▸ **YOUR OBJECTIVE**
The lines to transcribe begin with the one containing "Persuasive argument essay" and end with the last line below; reproduce them exactly, without the pictures.

▸ **RAW DATA**
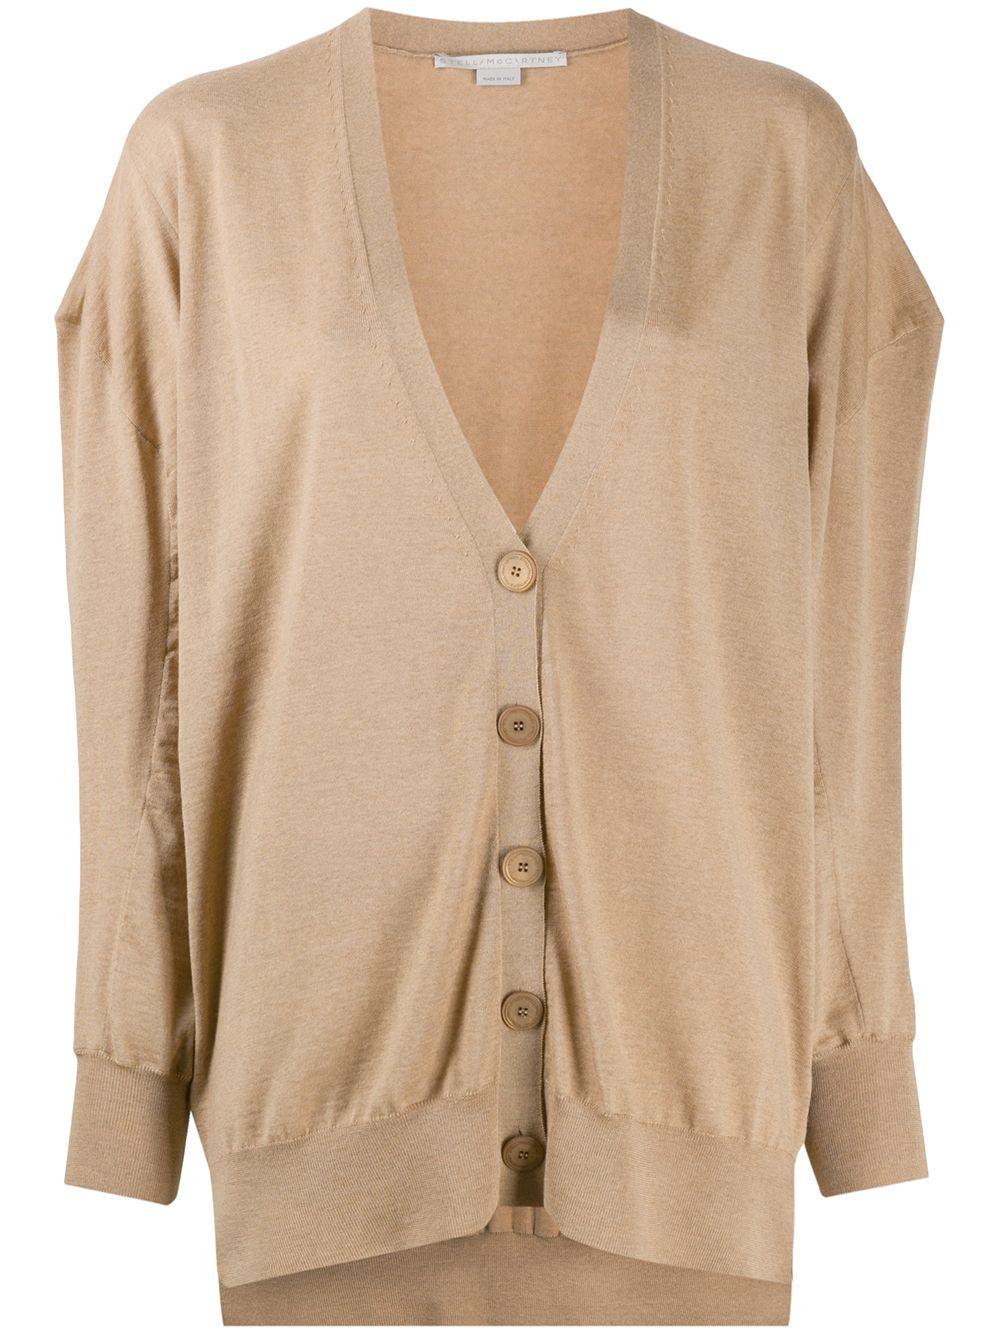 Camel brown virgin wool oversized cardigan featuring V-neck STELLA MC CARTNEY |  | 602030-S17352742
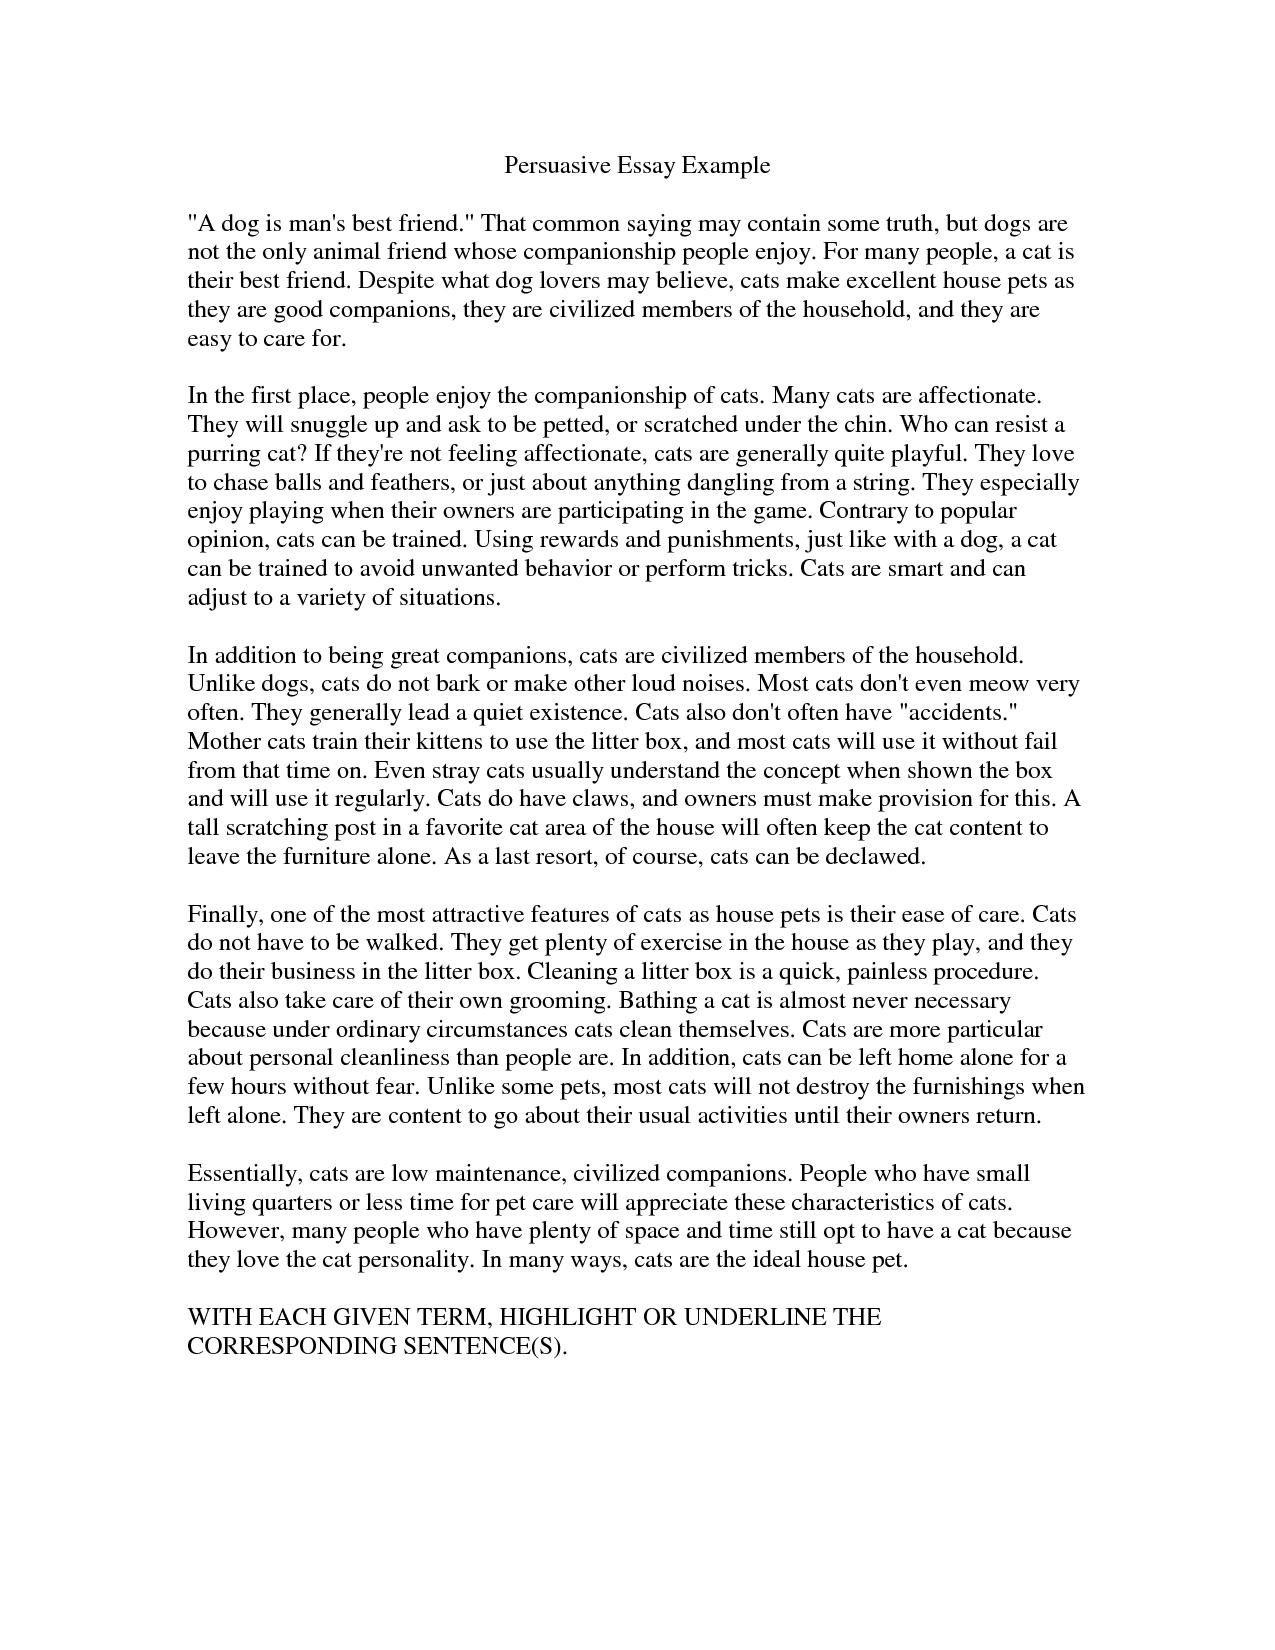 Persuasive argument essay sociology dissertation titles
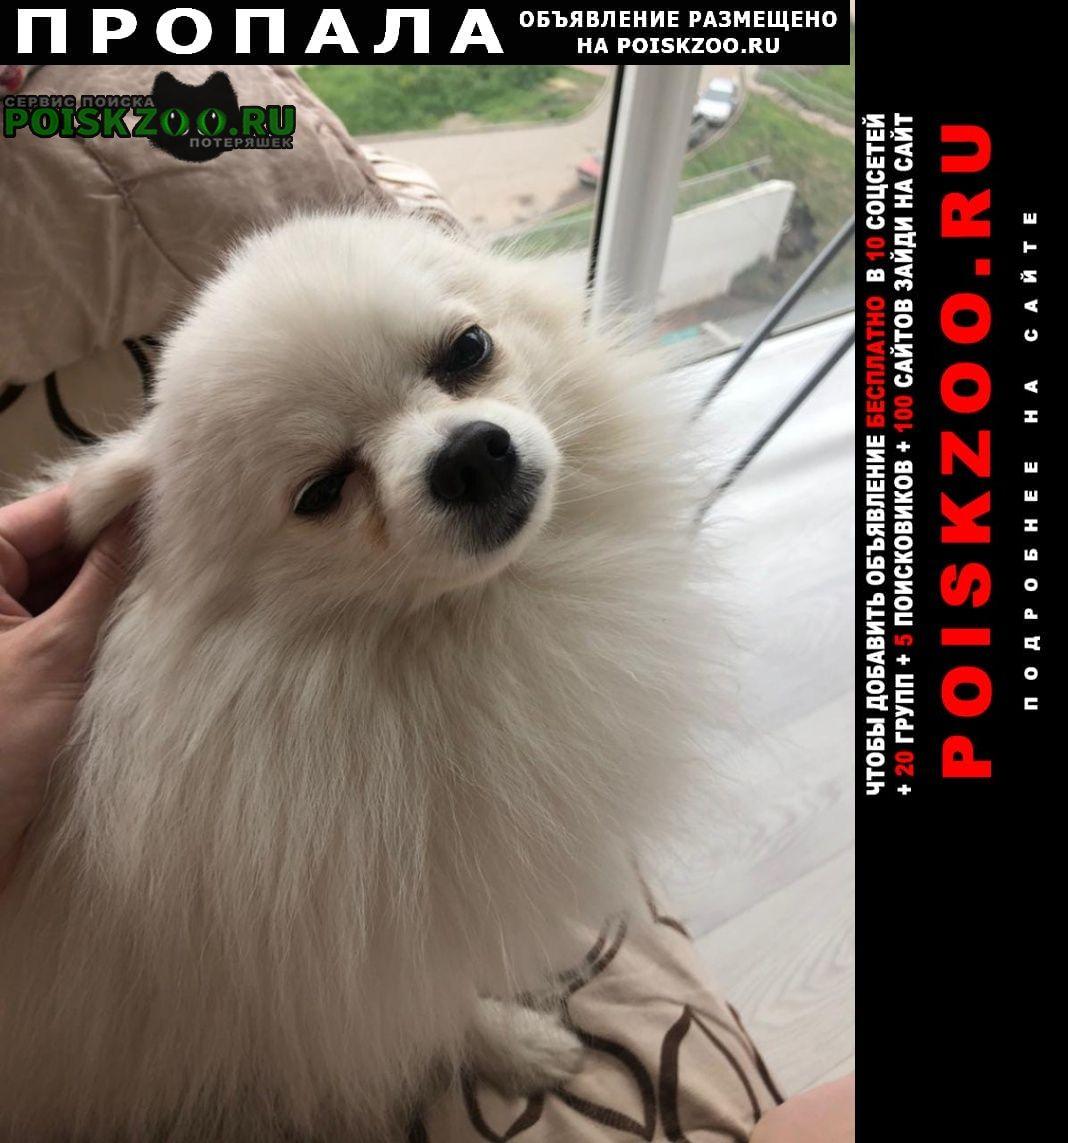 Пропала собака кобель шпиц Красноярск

▸ **EXERCISE OUTPUT**
 Persuasive argument essay sociology dissertation titles
 Пропала собака кобель шпиц Красноярск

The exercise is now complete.